In broad strokes, Zuckerberg says some things I agree with here re: interoperability, but I just can't look past the fact that it's Zuckerberg... I'm not sure there's any single entity I trust less than Facebook to make this vision happen in a way that isn't completely user-hostile.
Man, if Zuckerberg ran for president in 2016 we would have most certainty avoided Trump. He is truly the Napoleon of our time, charismatic, cunning and always expanding his reign across the world. It's really a shame that the government keeps trying regulate it. Democrats should back off, Zuckerberg could easily replace them with AI Deepfakes and the masses wouldn't care, much less notice the difference.
The term "metaverse" is so ill-defined and buzzwordy. I doubt that anything considered a metaverse would come from such a closed-system approach that Facebook is so fixed on.
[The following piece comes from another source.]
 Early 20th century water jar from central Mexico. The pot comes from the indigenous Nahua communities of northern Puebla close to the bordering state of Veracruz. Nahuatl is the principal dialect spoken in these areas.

I feel like Zuckerberg has always seen (and wanted to see) himself as an idea person. He's the guy who invented Facebook! That phrase is practically synonymous at this point with "tech visionary".
But he hasn't had a real, successful idea since Facebook. He bought Oculus, he bought Instagram, he bought WhatsApp. Original experiments like Portal have mostly been flops. The longer Facebook goes along as it is, the richer and more detached he gets, the deeper his delusion grows and the more audacious (and expensive) are his desperate efforts to prove that he's still the visionary he always thought/wished he was.
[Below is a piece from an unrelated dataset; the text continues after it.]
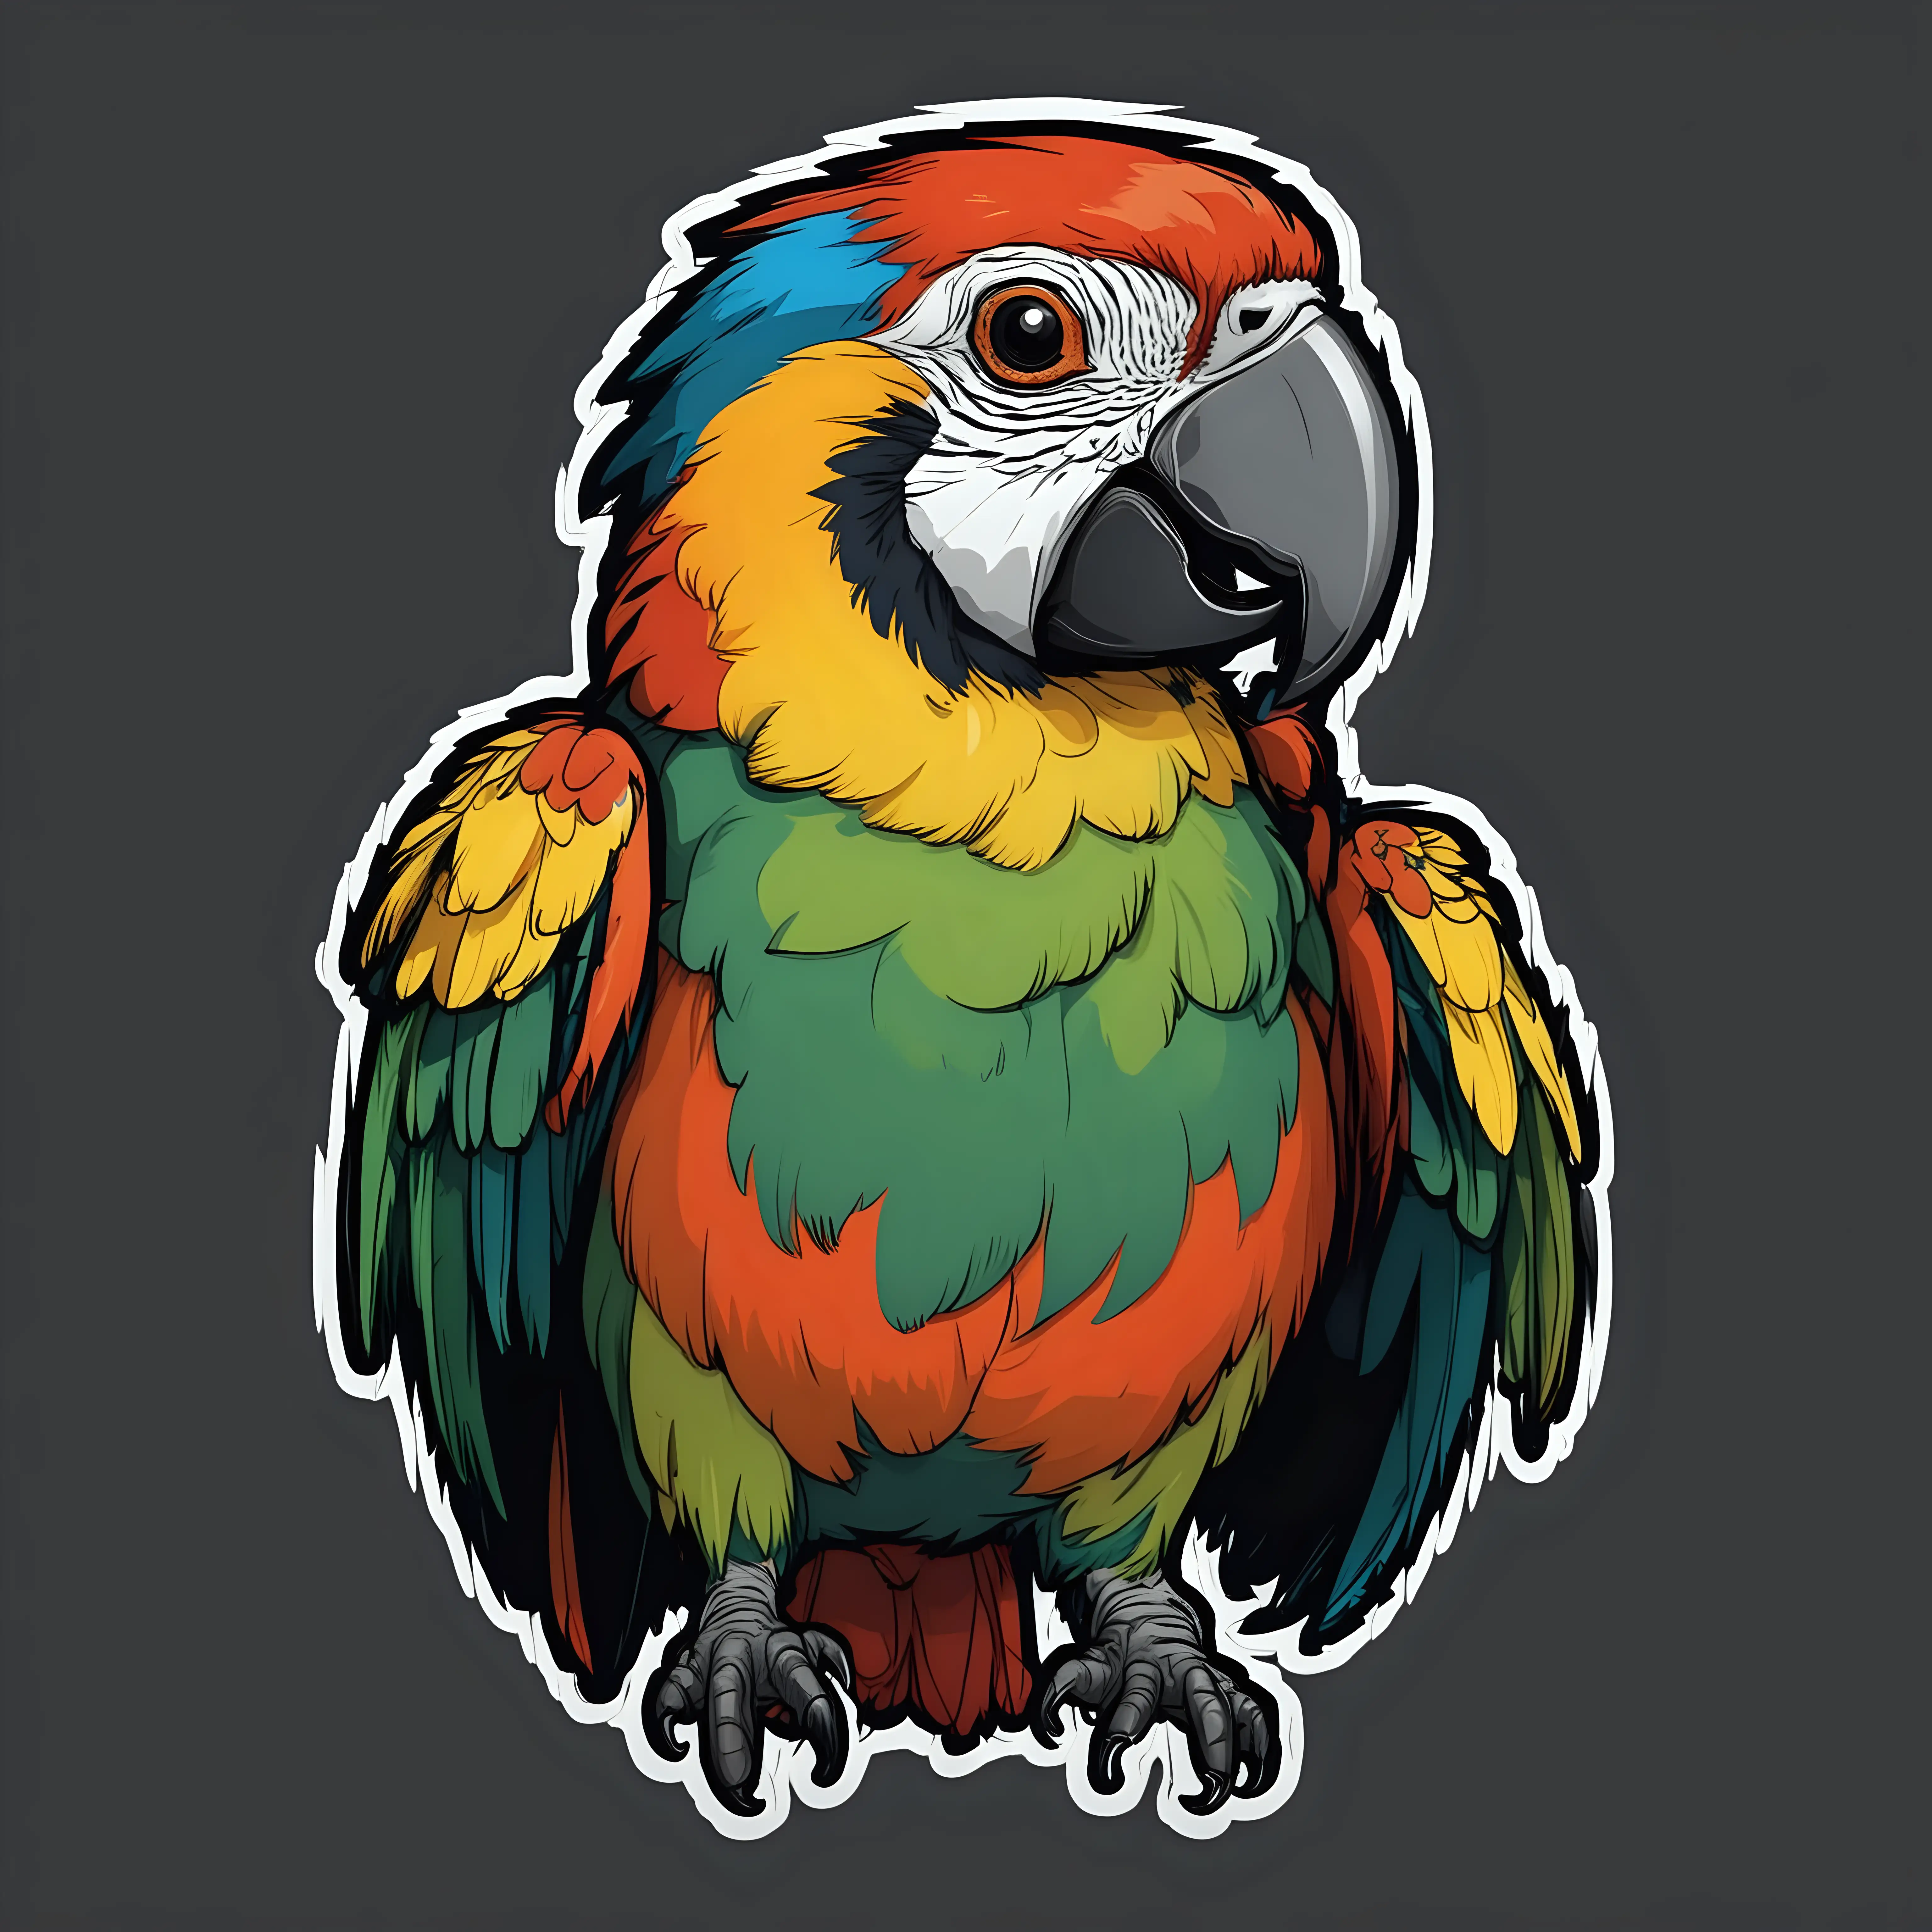 Exaggerated FullBody Parrot Caricature Sticker with Bold Outlines on Black Background

So now we're entering the "nobody except him even knows what he's talking about anymore" phase, which he probably takes as a sign that he's seeing things others can't, when the reality is that he's living in his own little world that's only getting further and further removed from the real one. Some part of me feels bad for him.
While I think that's true on some level, in general I think this largely downplays Zuckerberg's competence. The company is $1T market cap and still fully controlled and executed by just him, the original founder. No other entity compares to that. It's the most concentrated power across the world we've ever seen. As powerful as president's seem, there's so many checks, balances, and compromises within and across parties to do things, I don't think it compares. And you just don't get there without an incredible amount of smarts and calculating.
If anyone has a small chance of ending up emperor of the fucking universe, as scary as that is, it's this guy.
I'm not saying he isn't smart, I'm saying he isn't creative (but I think he wants to be). As you say, he's got more power than potentially any other single person, and what does he have to show for it other than more power?
>The company is $1T market cap and still fully controlled and executed by just him, the original founder.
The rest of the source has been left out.